Opinion
200706-06.
Decided April 30, 2008.
The application for pendente lite legal fees can be made at any time during litigation — upon commencement, at pre-trial, or at post-trial stages. See, Estis v. Estis , 309 AD2d 829. This motion was prepared and filed after the movant had discharged her attorneys, without cause, according to her affidavit submitted in support of her motion. Notwithstanding such discharge, the outgoing attorneys have standing to make application here ( Frankel v. Frankel , 2 NY3d 601). They seek fees of $34,850.59.
The plaintiff here has also terminated the services of his attorneys (the third such law firm to be fired), and has also filed a motion seeking modification of the stipulation of settlement of custody, entered into several months ago.
The concerns expressed by the Court of Appeals in Frankel , supra, are mirrored here, where the spouse with ready and ample funds — more than $600,000 at the commencement of this litigation — would have "a wide choice of counsel, and the financial wherewithal to maintain the litigation, while the non-monied spouse would struggle to find a lawyer who might have to go unpaid." See, Frankel , supra.
Elimination of the disparity between the monied and the non-monied spouse was intended by Legislative enactment of Domestic Relations Law § 237(a), which provides, in pertinent part:
"In any action or proceeding . . . for a divorce . . . the court may direct either spouse . . . to pay such sum or sums of money directly to the attorney of the other spouse to enable that spouse to carry on or defend the action or proceeding, as, in the court's discretion, justice requires, having regard to the circumstances of the case and of the respective parties."
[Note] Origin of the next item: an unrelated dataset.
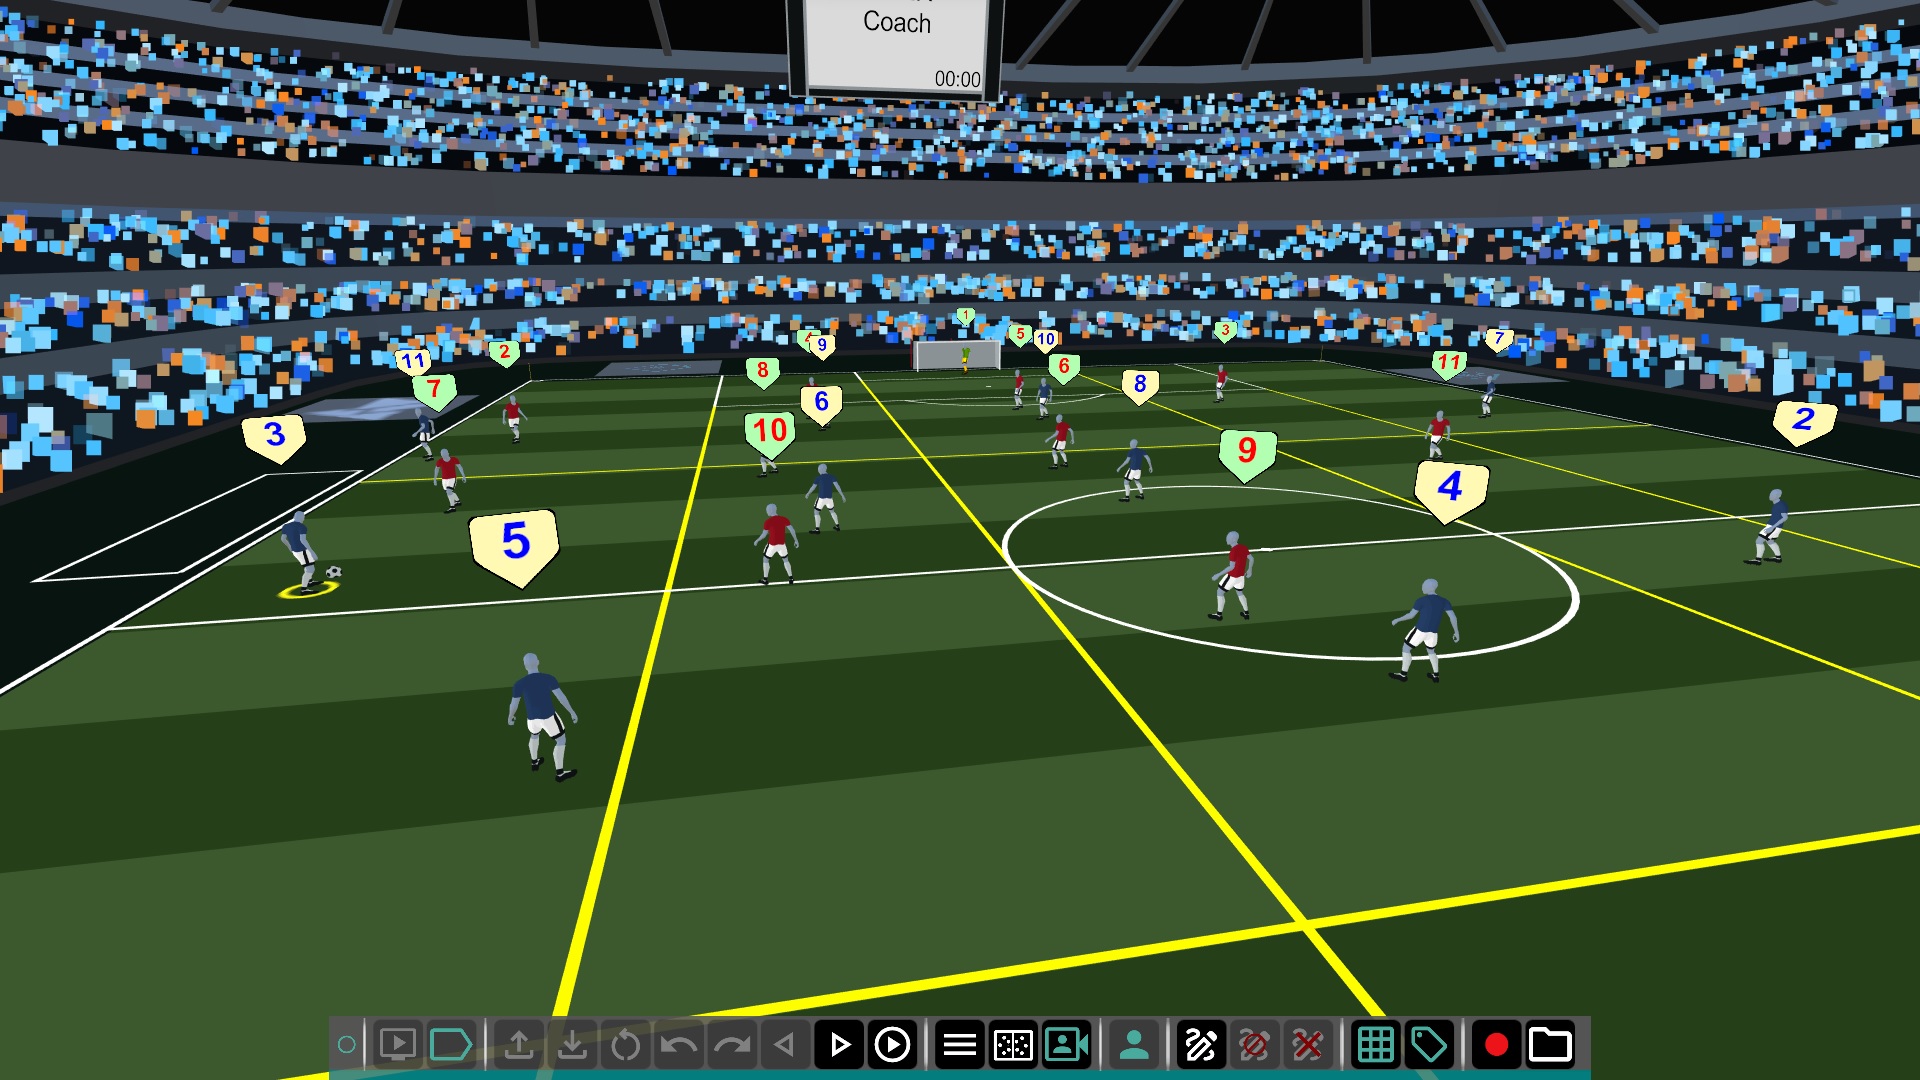 Immersive camera view of soccer field

Interpreting the statute [DRL § 237(a)] to preclude this application, as urged by the plaintiff here, would "confound the collection process and discourage attorneys from representing non-monied litigants." See Frankel , supra. And in this instance, the plaintiff was subsequently able to re-retain her counsel, making this application even more significant.
During the course of the litigation, much time was expended addressing the ramification of plaintiff's surreptitious installation of an electronic surveillance of the defendant and their daughter; a hearing on an order of protection sought by the plaintiff that had no basis in fact or law; countless conferences to address discovery obfuscation with respect to plaintiff's business interests in the manufacturing and distribution of golf clubs, along with delays occasioned by three changes of attorneys. Aside from the in-court activities, the detailed time sheets of defendant's counsel reflect the phone calls, letters, and a myriad of efforts on the part of the defendant to secure plaintiff's compliance with discovery orders of this court — all of which reflect spent efforts occasioned by obfuscation. The additional hours expended by defendant's counsel in this matter were unavoidable consequences of litigation conduct and discovery recalcitrance of the plaintiff. By defendant doing what indeed was needed, the depletion of her legal resources was almost certain to occur. From every perspective, without the Court's steadfast assurance of litigation parity that flows from the "level playing field" (see, O'Shea v. O'Shea , 93 NY2d 187), there is nothing to prevent the repetition of a pattern of litigation behavior that has been productive only of waste and delay.
An appropriate exercise of the Court's discretion in awarding counsel fees under Domestic Relations Law § 237(a) not only secures the "level playing field," but also serves to assure that "the matrimonial scales of justice are not unbalanced by the weight of the wealthier litigant's wallet." See, O'Shea , supra, at 190.
Accordingly, the defendant's motion is granted to the extend that the firm of Gassman, Baiamonte, Betts Tannenbaum is awarded a money judgment against the plaintiff, Robert Chorne, in the amount of $34,850.59.
Settle judgment on notice to plaintiff.